“A Federated and cloud enabled system for climate data analytics and machine learning”
Ghaleb Abdulla is a senior Member of Technical Staff at Lawrence Livermore National Laboratory (LLNL), a Department of Energy research laboratory. Since joining LLNL in 2000, Dr. Abdulla embraced projects that depend on teamwork and data sharing. His tenure includes establishing partnerships with universities seeking LLNL’s expertise in HPC and large-scale data analysis. He supported approximate queries over large-scale simulation data sets for the AQSim project and helped design a multi-petabyte database for the Large Synoptic Survey Telescope. Dr. Abdulla used machine learning (ML) to inspect and predict optics damage at the National Ignition Facility and leveraged data management and analytics to enhance HPC energy efficiency. He served as the lead for the Operational Data Analytics team under the Energy Efficient HPC Working Group. He also led the Cancer Registry of Norway project developing personalized prevention and treatment strategies through pattern recognition, ML, and time-series statistical analysis of cervical cancer screening data and was awarded the DOE Secretary’s Appreciation Award for his work to help with the Cancer moonshot presidential initiative. Dr. Abdulla served as the PI of the Earth System Grid Federation (ESGF) —an international collaboration that manages a global climate database for more
than 25,000 users on six continents. He chaired the ESGF international Executive committee and served as member of the Working Group on Coupled Modelling (WGCM) Infrastructure Panel (WIP) that operates under the World Climate Research Program (WCRP).

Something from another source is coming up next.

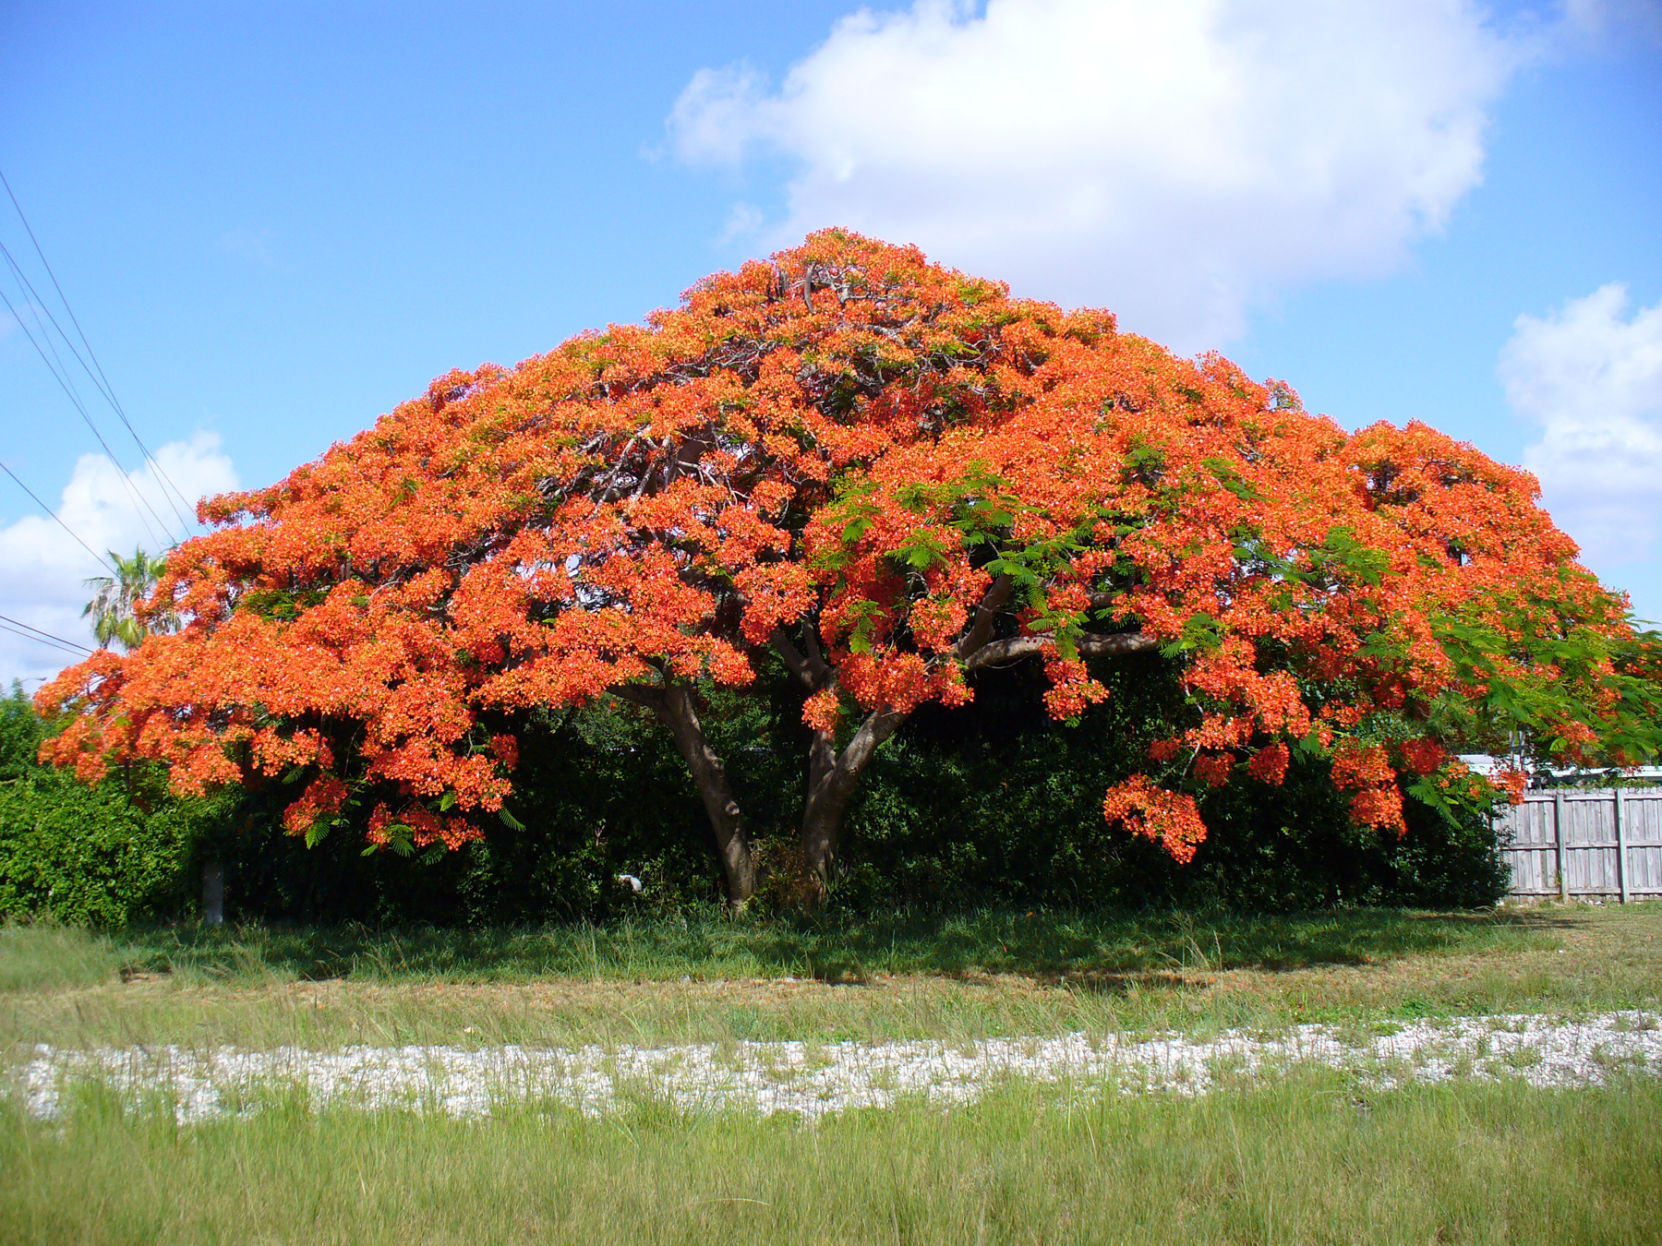 Swish Growing Royal Poinciana Trees Growing Royal Poinciana Trees Royal Poinciana Tree Images Royal Poinciana Tree Phoenix houzz 01 Royal Poinciana Tree

He also served as the director for the Institute for Scientific Computing Research (ISCR) at LLNL. He established a data science internship program and helped several universities create data science curriculum targeted to graduate students who can help with scientific data analytics.
In 2020 Dr. Abdulla was chosen as one of the 50 for 50 spotlights which highlights the most influential graduates from Virginia Tech computer science department.
Currently he serves as Deputy program manager for WCI data infrastructure and leads the data infrastructure and analytics team.
Managing and analyzing scientific and simulation data is a challenge due to growing data sizes and the need to subset and fuse different variables from different data sets before running an evaluation metric. Computer and climate scientists are collaborating to enable large-scale data analytics and while there are success stories, the new high-resolution models require more distributed computing resources to build complex data analysis and machine learning workflows. The high-resolution data produced by climate models is distributed in nature and the scientists working on analyzing the data are located in different locations around the globe, yet they need to collaborate and work on the data. A federated data management system will enable data sharing and collaboration, however, the machinery and tools to enable large scale and distributed scientific data analysis are still lacking. The traditional workflow involves querying a data archive using the indexed metadata. Once the files are located, the scientist needs to download the data into a local machine and perform the analysis. Instead, we developed tools to support a distributed system for data analytics and Machine Learning, i.e. server-side or edge computing.
In this talk, I will describe the Earth System Grid Federation (ESGF) software stack, architecture, hosted data, and discuss use cases. I will also describe the ESGF Compute Node (ECN) which allows scientists to build and run data analytics algorithms. The current architecture allows users to log into the Jupyter hub on our server using a GitHub account. Using the Jupyter hub, the user has a choice to either spawn a Unix shell with the ability to access all the regular tools such as python and the climate analysis libraries or spawn a Jupyter notebook with the ability to use ESGF user interface to search for relevant data sets, use basic sub-setting, re-grinding and data reduction constructs to minimize data movement.